As if sensing his self-flagellation though, Valentina’s father had said gently, ‘Gio, he worshipped the ground you walked on … just as I know you did him.’
Gio looked at Signor Ferranti in surprise. There was no condemnation in his voice, only weary acceptance.
‘For Valentina though … it was very hard for her to come to terms with. She was so angry … is still angry, I think.’
/> ‘Gio!’
Gio looked down at Valentina blankly for a second. He was still in the room with her father. They were outside the hospital doors now and her arms were folded and she was glaring up at him. There were smudges of weariness under her eyes and that made Gio’s resolve firm even more.
Now she’d got his attention she continued. ‘So are you going to tell me how on earth you had the nerve to propose moving my father to a private specialist clinic in Syracuse, let alone taking him to a hospital on the mainland for a major heart operation?’
Gio reigned in his temper which seemed to be growing a shorter and shorter fuse around this woman. He took a deep breath. ‘I offered to help your father and I’m glad to say he accepted. By moving him to Syracuse while he waits for the operation, you will be able to move into the staff accommodation at the racetrack. It’ll wipe out your commute and give you an easy mind with your parents so close. It’ll also ease their minds to know you’re not over-exhausting yourself.’
‘So you’re doing this to make things better for yourself?’ Valentina sneered. ‘Because you don’t want a fainting staff member serving your VIP guests?’
Valentina wasn’t sure why she was so angry, just that she was. Blistering. It was something to do with the way her father had shown no enmity towards Gio. And it was more than just gratitude for having saved his life. After a long private conversation, she and her mother had been allowed back into the room and the first thing her father had said to her was, ‘You should have told us about your job, piccolina….’
So not only had Gio told them about her disaster, they also now knew that she was working for him. And didn’t seem fazed by that knowledge at all. She’d looked at Gio accusingly but his face had been completely impassive.

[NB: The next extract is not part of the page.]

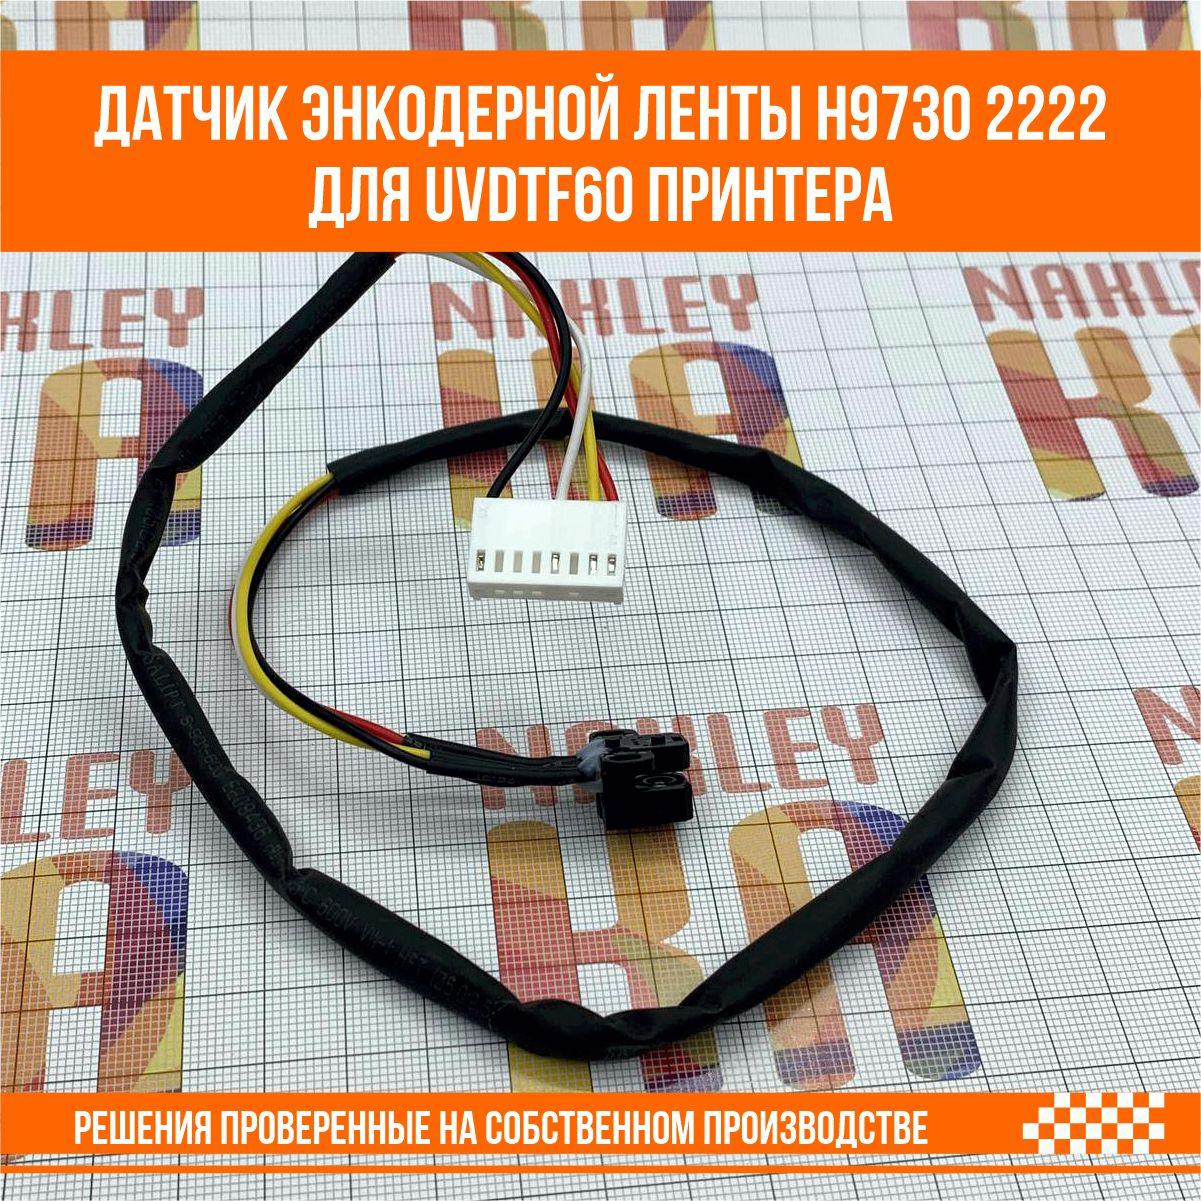 Датчик энкодерной ленты для UVDTF60 принтера H9730 2222

If anything, her parents had been looking at Gio almost adoringly. And then her father’s consultant had come into the room and Gio had cleared his throat and announced what he would like to do to help.
Her parents had been taken aback by his audacious offer and Valentina had looked on in shock as her mother had gripped her husband’s hand and begged him with tears in her eyes to do as Gio suggested.